Automated Black Box Generation of Structured Inputs for Use in Software Testing
A common problem in automated software testing is the need to generate many inputs with complex structure in a black-box fashion. For example, a library for manipulating red-black trees may require that inputs are themselves valid red-black trees, meaning anything invalid is not suitable for testing. As another example, in order to test code generation in a compiler, it is necessary to use input programs which are both syntactically valid and well-typed. Despite the importance of this problem, we observe that existing solutions are few in number and have severe drawbacks, including unreasonably slow performance and a lack of generality to testing different systems.

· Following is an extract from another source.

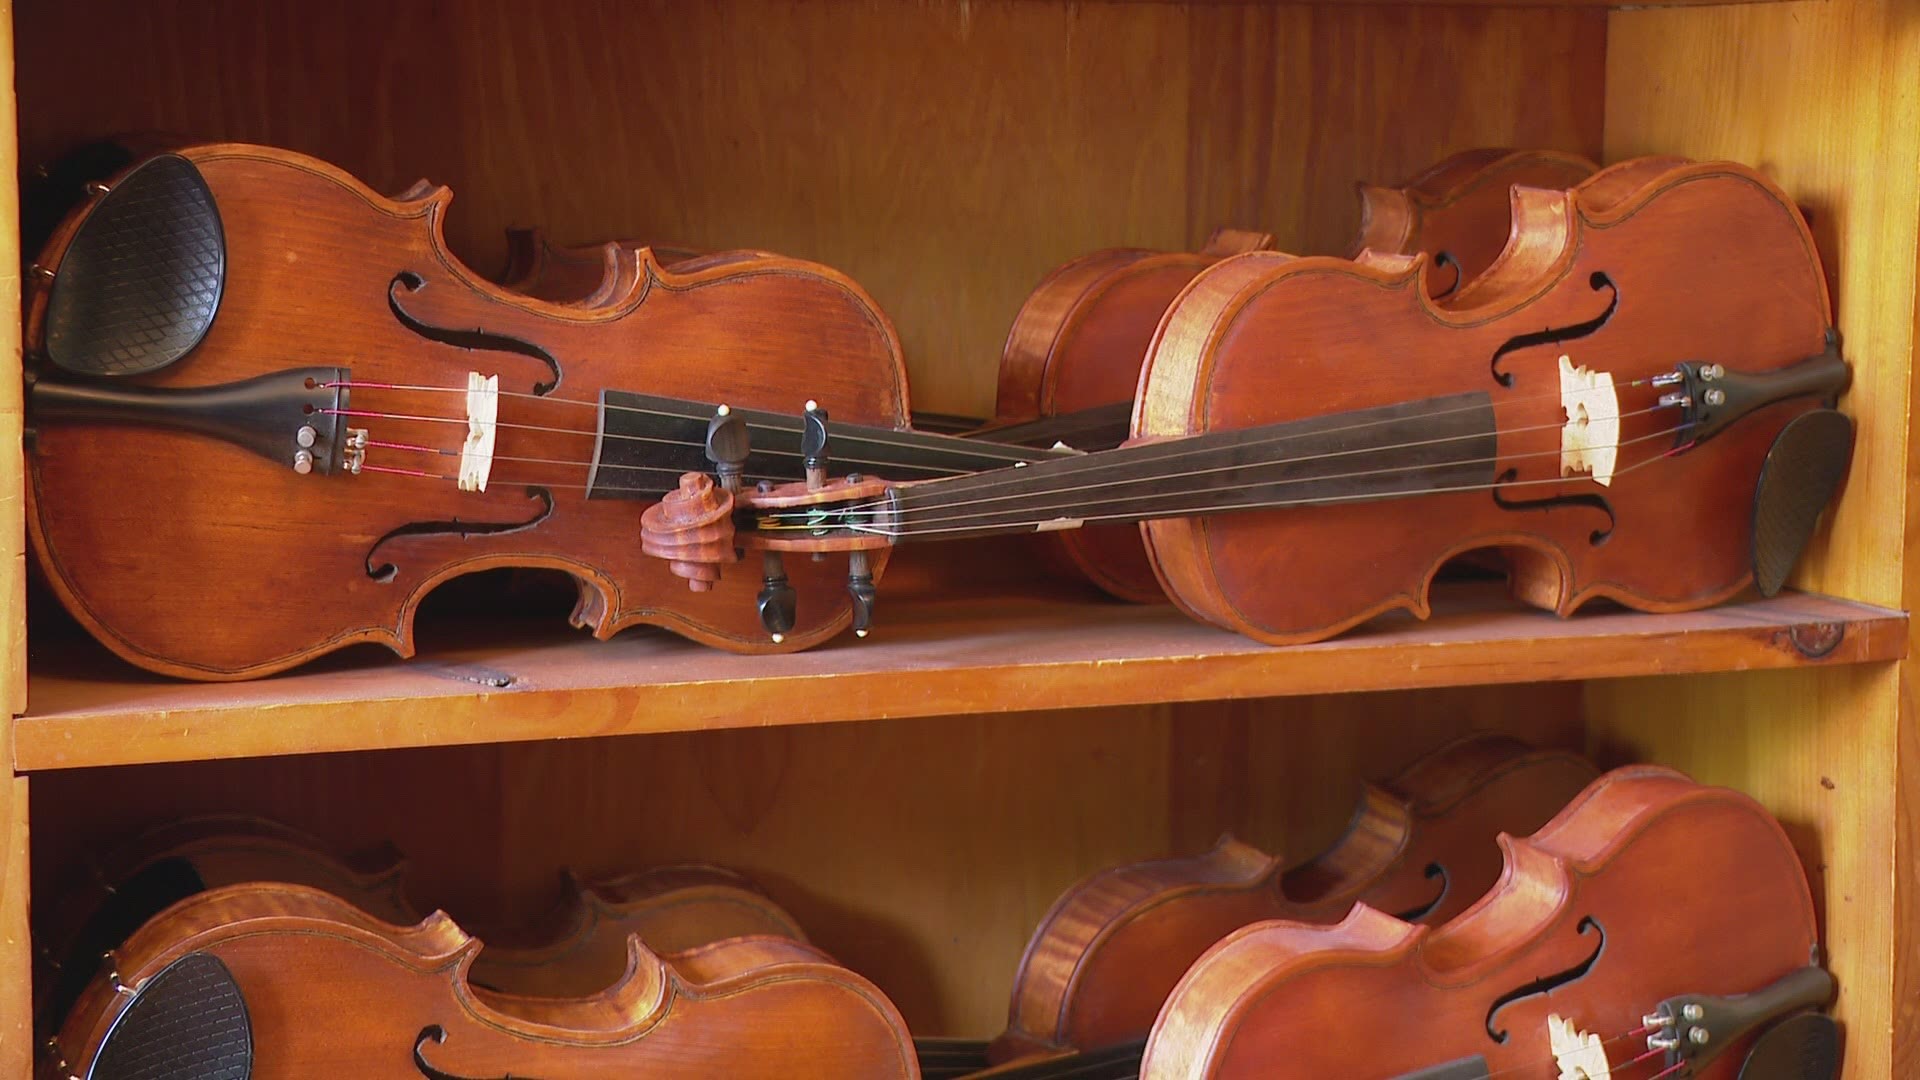 Edwin Hendrickson started hand-making violins 10 years ago. He had no idea how much of an impact his hobby would make on a school district a decade later.

This thesis presents a solution to this problem of black-box structured input generation. I observe that test inputs can be described as solutions to systems of logical constraints, and that more expressive constraints can lead to more complex tests. In order to test effectively and generate many tests, we need high-performance constraint solvers capable of finding many solutions to these constraints. I observe that constraint logic programming (CLP) offers an expressive constraint language paired with a high-performance constraint solver, and thus serves as a potential solution to this problem. Via a series of case studies, I have found that CLP (1) is applicable to testing a wide variety of systems; (2) can scale to more complex constraints than ever previously described; and (3) is often orders of magnitude faster than competing solutions. These case studies have also exposed dozens of bugs in high-profile software, including the Rust compiler and the Z3 SMT solver.